Algumas pessoas, como o Paião, deviam ser eternas, não pelas memórias que guardamos de si, mas “vivinhas da silva”, em carne e osso, para podermos, nós e as gerações seguintes, usufruir do seu talento. Agora, por exemplo, “apetece-me” ter saudade do Elvis Presley e da sua música Gospel com que enfeitei a minha juventude. O Elvis nunca deveria ter “entregue a alma ao Criador”, porque, depois dele, foi o vazio; apareceram cópias sem importância de maior, porque o “rei”, na verdade, era – e continua a ser – “único”!
Na semana que passou, foi a vez do divino Michael Jackson “abandonar o barco” sem um adeus! O choque foi brutal, até para mim que sou mais Elvis do que Michael, e muito mais Paião do que os outros dois.
Com a morte a ceifar vidas de pessoas imortais antes do “tempo”, fica um amargo na boca, misto de nostalgia e saudade, e não serão as estátuas de cera, os filmes, as fotografias, os temas musicais que deixaram para a posteridade e as estórias das suas vidas privadas que compensam a ausência definitiva dos génios…

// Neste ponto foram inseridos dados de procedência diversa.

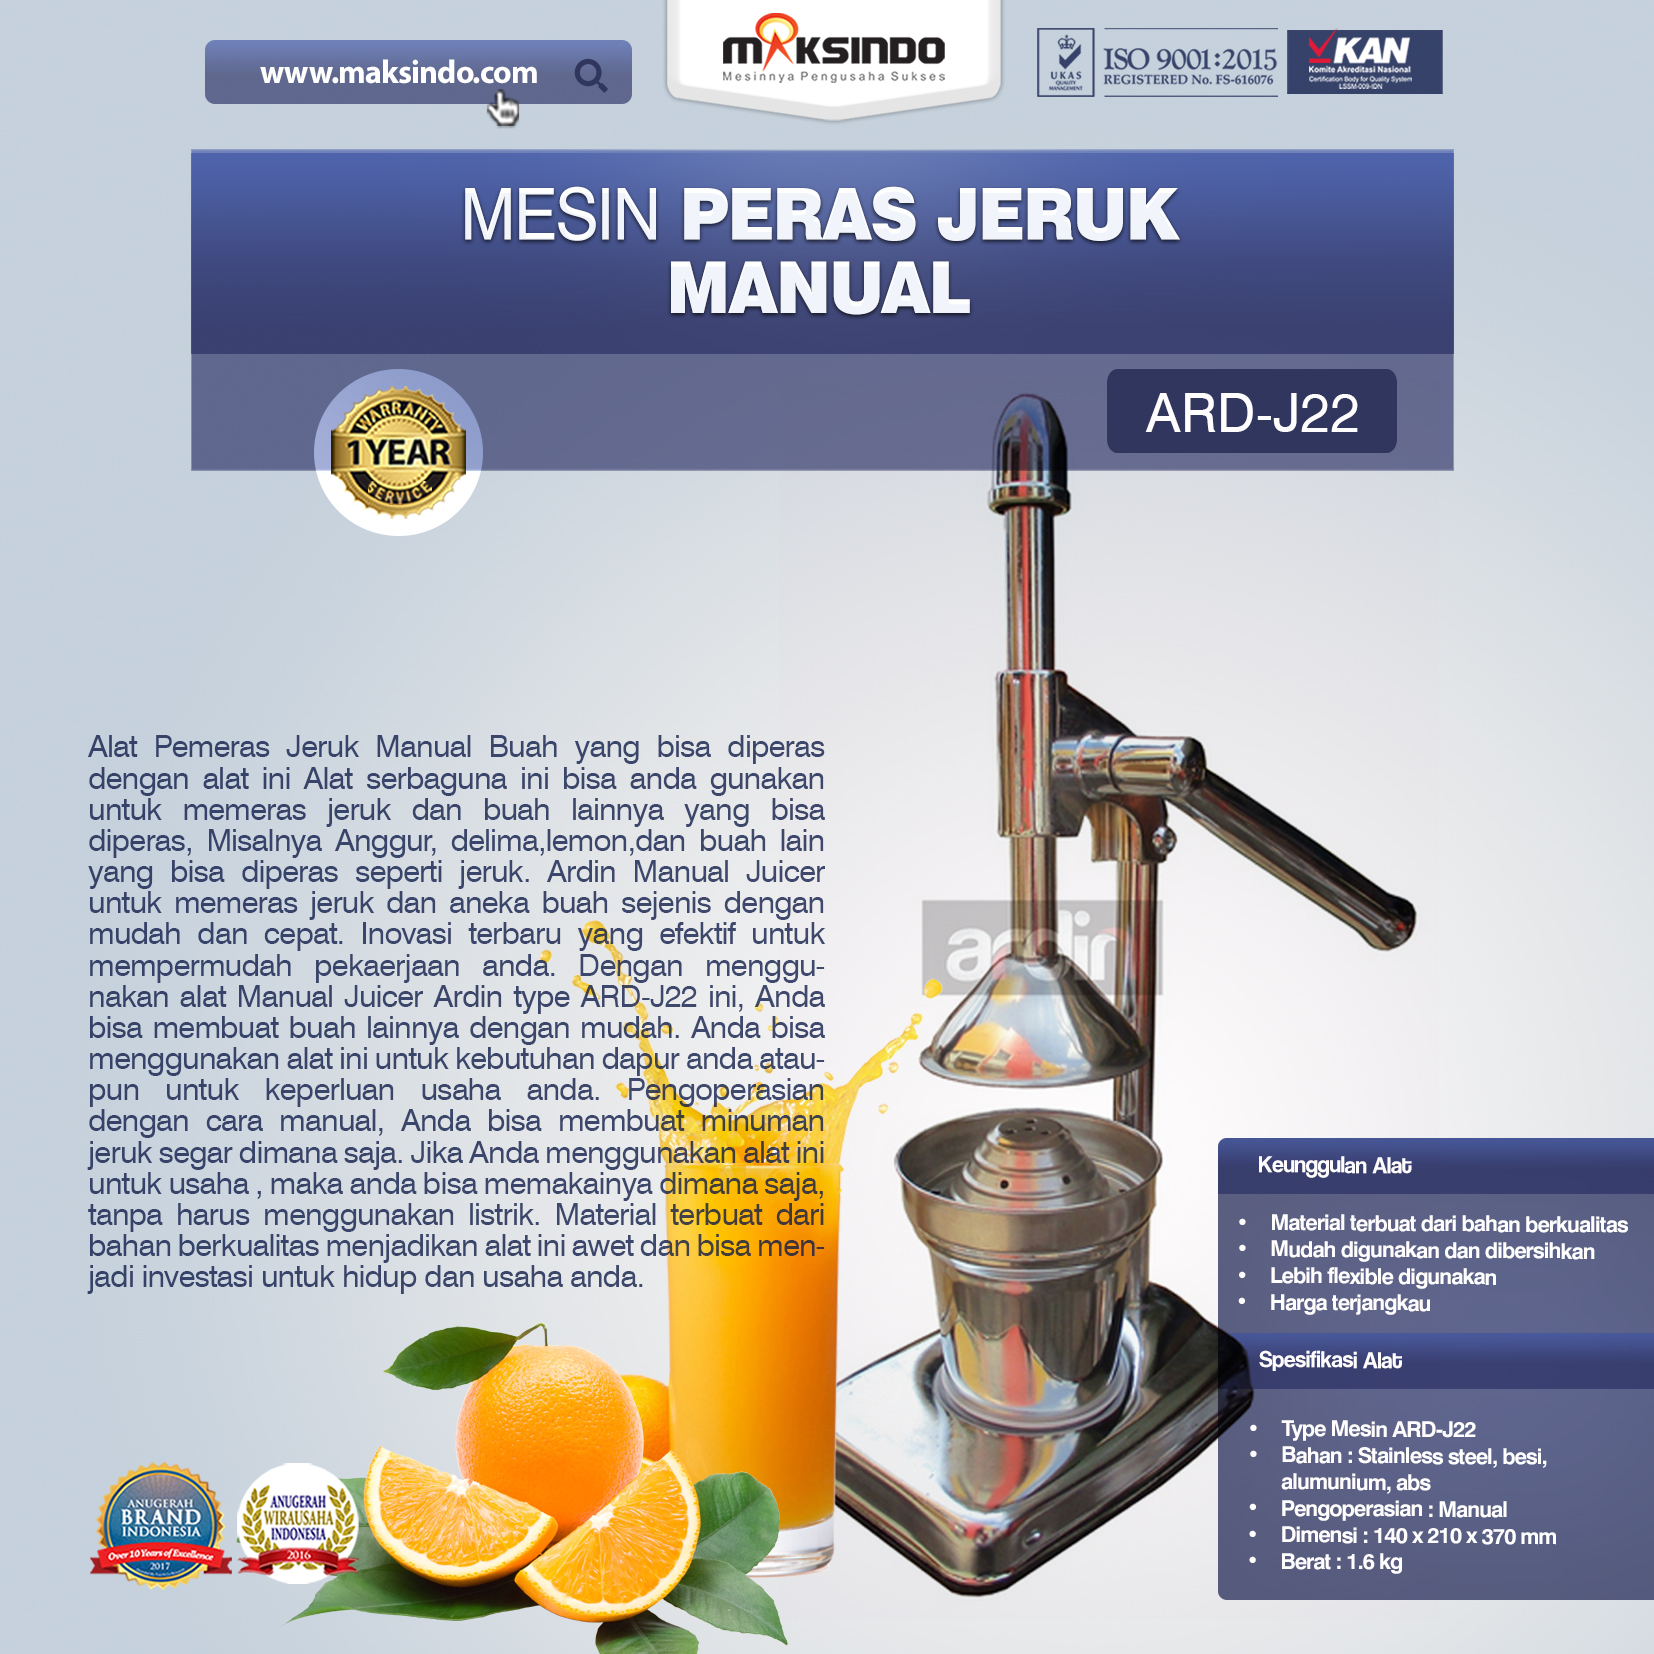 Jual Alat Pemeras Jeruk Manual ARD-J22 di Bandung

-“Foi desta para melhor” – li algures, a propósito do Michael Jackson.
Como nada sabemos sobre o que acontece para lá da morte, pelo sim pelo não, o melhor é ter um certo estilo de fé, como esse de “ser melhor do que este (mundo) o sítio para onde vamos” – vamos mesmo?
Porque citei o Carlos Paião, “apetece-me”, também, ter saudades dele por razões que vão para além do talento do músico, letrista e intérprete. Por exemplo: ser adepto ferrenho/doente do Benfica, (eu também, mas nem tanto…); a outra, deveras importante, porque nos ligava uma certa amizade – e aos amigos, francamente, nunca se vira as costas sem mais nem menos – foi o que o Carlos fez, e isso deixou-me “chateado”…
…Já se sabe que as saudades, quando arrumadas num cestinho, são como as cerejas: atrás de umas, vêm outras.